The weekly gathering of local musicians has done more than just allowed talented artists a place to play – Stewart said they’ve raised thousands of dollars for charity.
“We give three $3,000 scholarships away every year to students who are pursuing music as a minor or major. They don’t have to major in it, as long as they’re doing music,” he said, adding that so far as many as 16 scholarships have been awarded.
But students aren’t the only recipients of the generosity of the Occidental owners and guests.
“From the very first time that we started doing the jam,16 years ago, we passed around the little tip can, and we use it for buying Christmas gifts and dinners and so forth for needy families,” said Stewart. “That little can over the years has held probably a quarter million dollars or better.”
Virginian Restaurant And Occidental Row
The west side of Buffalo’s Main Street, just past the courthouse, is known locally as “Occidental Row.” It includes the Occidental, the Busy Bee Café and Lolly’s Sugar Shack, as well as the dining room associated with the hotel, The Virginian.
The Virginian is closed this month, though, as management of the restaurant transitions from the previous managers, Joe and Jan Johnson, to the Stewarts, who own the building.
Manning said the restaurant will reopen in February.
“It will reopen under David and Jackie’s ownership for Valentine’s Day weekend,” she said.
Is It Haunted?
The Occidental is old enough that it’s been the setting for a number of ghost stories. The most famous, Manning said, is that of a young girl who came to Buffalo as a child in the early 1900s.
A woman named Mariah “was coming to Buffalo with her husband and her young daughter, Emily,” said Manning. “But because of the arduous state of travel at that time, her husband actually died on the journey here.”
So Mariah, being a woman in the West without property ownership rights, had to find a way to support herself and her daughter.
“She ended up coming here and working as a soiled dove in our bordello,” said Manning. “They were making about $3 a day back then.”
But tragedy struck Mariah a second time when Emily caught cholera and died July 7, 1912, at the age of 6.
“Some people claim that they see a gentle, kind presence wandering the halls of the hotel, who is Emily, the 6-year-old,” said Manning. “And they often say that they see her being followed by a yellow tabby cat, which is said to have been the cat that the women who worked at the bordello – and the daughter Emily – took care of.”
The Longmire Connection
For fans of Craig Johnson’s popular “Longmire” books and Netflix series, the Busy Bee is a must-stop on its own, Manning said, adding that the Occidental plays its part in honoring Johnson County’s most famous author.
“During Longmire Days (Johnson) does a lot of events at our hotel, and we host some of the stars (of the television show) who come,” said Manning. “And of course we have his books and some other merchandise available for sale.”
Staying At the Occidental
Summer is peak season at the Occidental, as the historic hotel is a tourist attraction of its own.
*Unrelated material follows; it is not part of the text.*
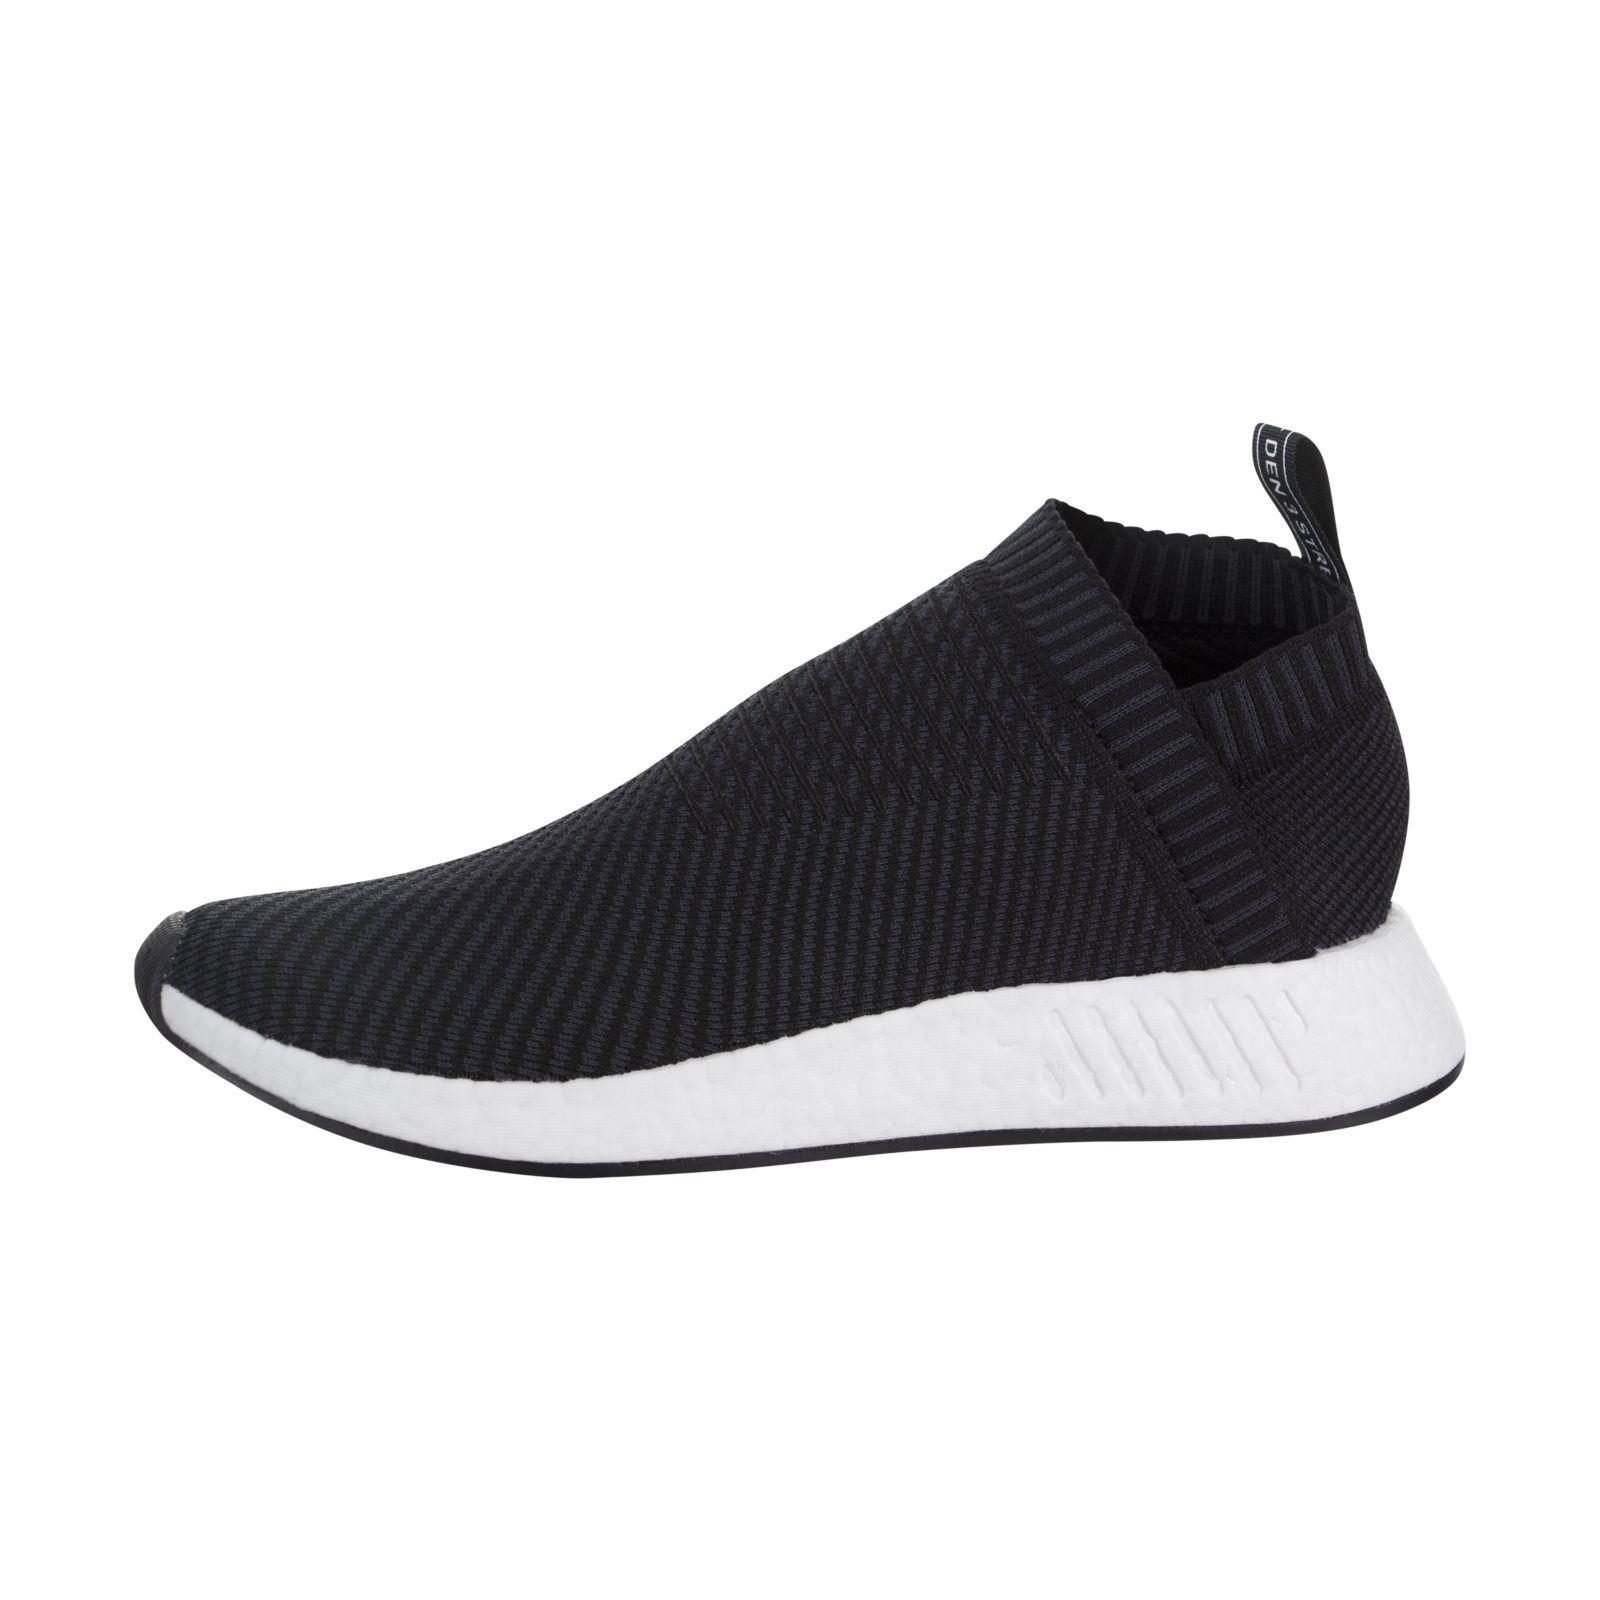 monsieur madame: adidas nmd_cs2 nmd_cs2 adidas primeknit : bonnes marchandises 4c09e7

But during winter there are deals to be had.
Above all, Stewart said, the Occidental is still a place where the community gathers.
“It’s a family-oriented place where people can come together and hear music and be able to enjoy it with their families,” he said.
And perhaps, Manning added, catch a glimpse of the past.
“If you want to see if we have ghosts, the best thing to do is to come stay and see for yourself,” she said.